ANECDOTARIO

Abauzit fue un célebre escritor y teólogo protestante francés, nacido en 1679 en Uzés y fallecido en Ginebra en 1767. Se había refugiado en esta ciudad huyendo de la persecución católica contra los hugonotes. Un día contrató una sirvienta nueva que tomó tan a pechos su cometido que quiso poner en orden todas las cosas de la casa, empezando por el despacho del escritor. Tal lo hizo que Abauzit le preguntó:

—¿Qué has hecho con los papeles que estaban encima de esta mesa?

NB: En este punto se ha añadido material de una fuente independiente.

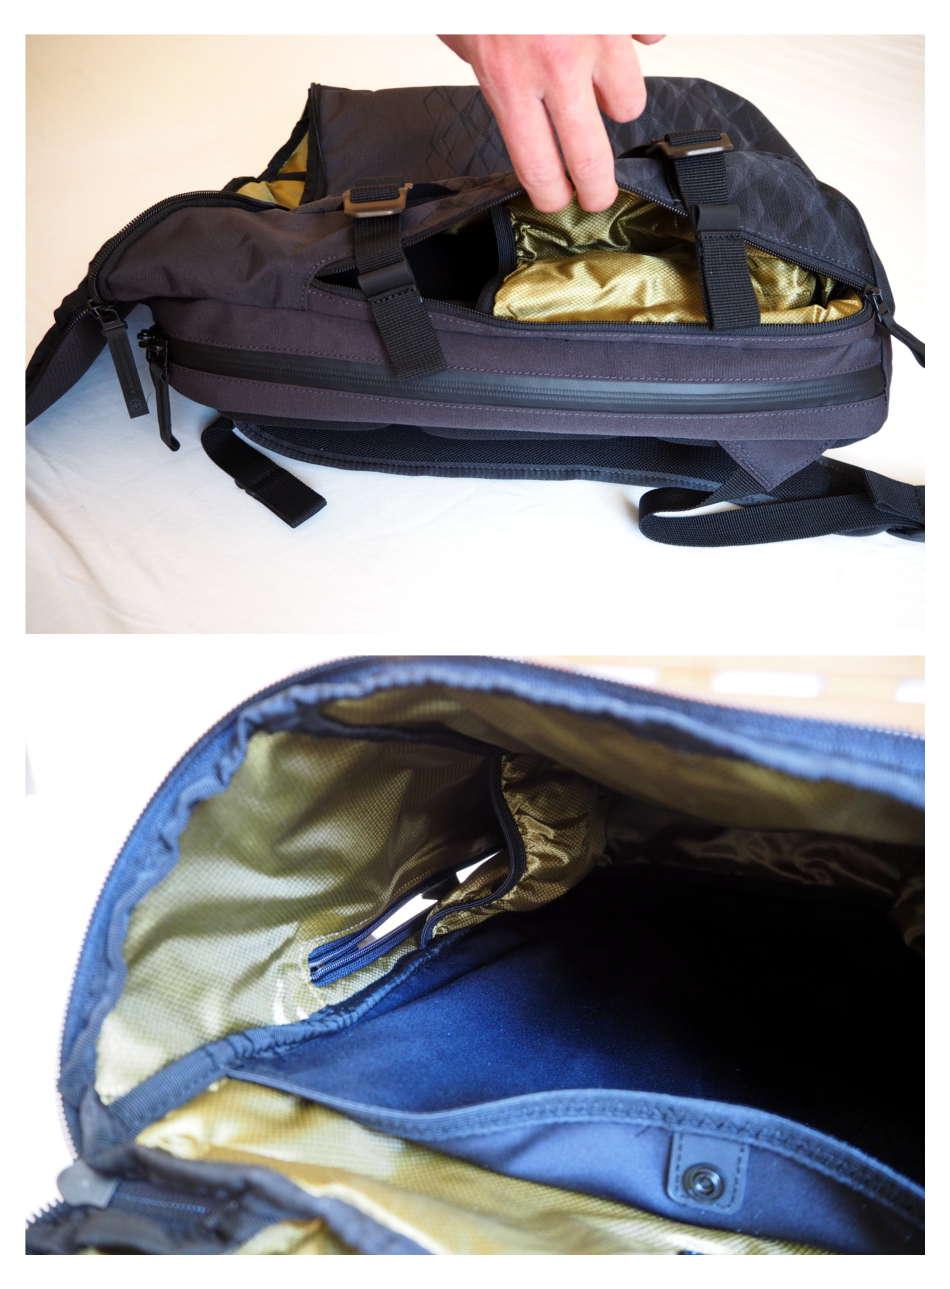 Praktische Tasche für Trinkflaschen, die man von außen leicht entnehmen kann

—Pues, señor, los encontré tan sucios y polvorientos que los eché al fuego y en su lugar puse estos que están limpios.

Abauzit la miró unos momentos y, sobreponiéndose, le dijo:

—Has destruido el resultado de veinte años de trabajo. En adelante no toques ningún papel.

Y eso fue todo. Un gran ejemplo de paciencia cristiana.

Alejandro Magno increpaba a un pirata que había capturado echándole en cara su profesión.

—Soy pirata —se oyó responder— porque no tengo más que un barco. Si tuviera una flota, sería un conquistador.

Alejandro le dejó en libertad.

Se reprochaba a Cicerón que a sus sesenta años se casara con una joven chiquilla.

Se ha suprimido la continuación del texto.